Foreign Correspondance: Clip of the Week
As all my Upper
School students know, it took me the previous summer and every Sunday
morning of the school year, to find an appropriate and timely “Clip of
the Week” to include with every weekly MOODLE assignment. From Le
Tour De France results and Kissing “La Bise” goodbye in
September, to the seven video clips (cute little animals and the likes,)
connecting to our lesson on reflexive verbs, I have tried to make them
humorous (“Ah, bibliothèque” baguette commercial,) and educational
(Earth Day: “La Terre Est Si Grande”). Each clip has had a direct
connection to our grammar lesson of the week, and hopefully, has
enhanced each lesson so as to make the point memorable. Read more
about the "Clip of the Week" here.
In the beginning of my Harbor years, I taught first through
eighth grade French. In second grade, the French film “The Red Balloon”

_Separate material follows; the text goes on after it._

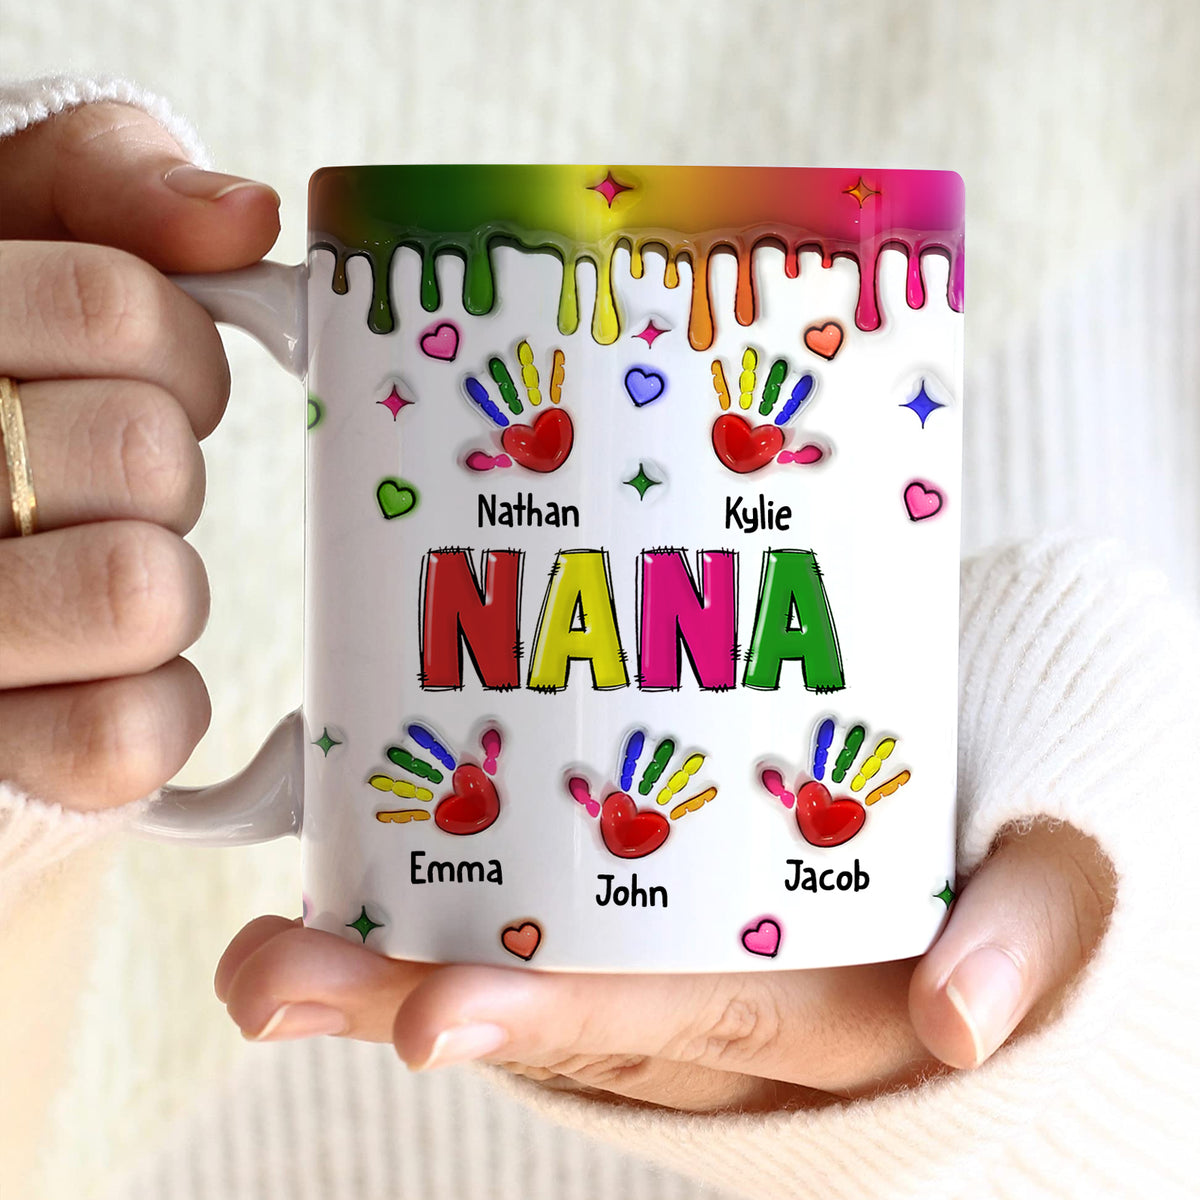 Colorful Grandma Mom Handprint Grandkids 3D Inflated Effect Personalized White Edge-To-Edge Mug LPL05APR24CT1

was a favorite part of the curriculum. Upper School students still
remember this film about “true friendship.” Plot spoiler warning: At the
end of the film when all the balloons of Paris come to the rescue of
the little bullied boy, they gather around the adorable “friend” of the
recently-destroyed red balloon, and lift him, airborne, above Parisian
skies. Of course, the Lower School children, (for the most part, with
tears in their eyes,) always ask me: “Is it possible for a bunch of
balloons to make you fly in the sky like that?” Consistently, my
response was: “Almost anything is possible, if you put your mind to it.”
How
fitting it is then, that at the end of my time here at Harbor, a
daredevil attempt is made by a man from North Carolina (my birthplace
and the birth of “first flight” thanks to the Wright brothers,) to be
lifted by a bunch of helium ballons, and to fly over the English
Channel, from England to France. This is also reminiscent of my fourth
grade Reading Festival book: “The Glorious Flight: The Story of Louis
Blériot,” yet another French connection.
So here it is. My last
"Clip of the Week." I’d like to share it with you all with the message I
have for all my students:
Please watch the video posted here.
My
message to you is the same as Jonathan Trappe's:
"It's not really
about flying balloons. It's about dreams and inspiration and
accomplishing what we set out to do, whatever that may be--so that's
what I am happy about."
MY words to YOU are: "The sky's the
limit!" I know you all well enough to know that YOU CAN accomplish
whatever it is you want to achieve in your life. So, just in case you
were a bit hesitant to go after it, just know that I offer you my
complete support. I BELIEVE IN YOU!
I am so grateful for having
known each and every one of you. I will miss you, but you will always be
in my heart.
Merci mille fois!
And, as Harbor
students have known me to utter, from time to time, I offer the next
phrase: “BUT WAIT---THERE’S MORE!”
Still not convinced you can do
anything you set your mind to? Check out this video too by clicking here.
Alas,
Memorial Day weekend was quite a memorable one for many different
reasons.
Thanks to all of you, students, parents, faculty and
staff, for helping me achieve some of my life’s goals, here at Harbor, a
place that “cherishes childhood, cultivates wonder, and inspires
confident learners and leaders,” a place where we all can “soar.”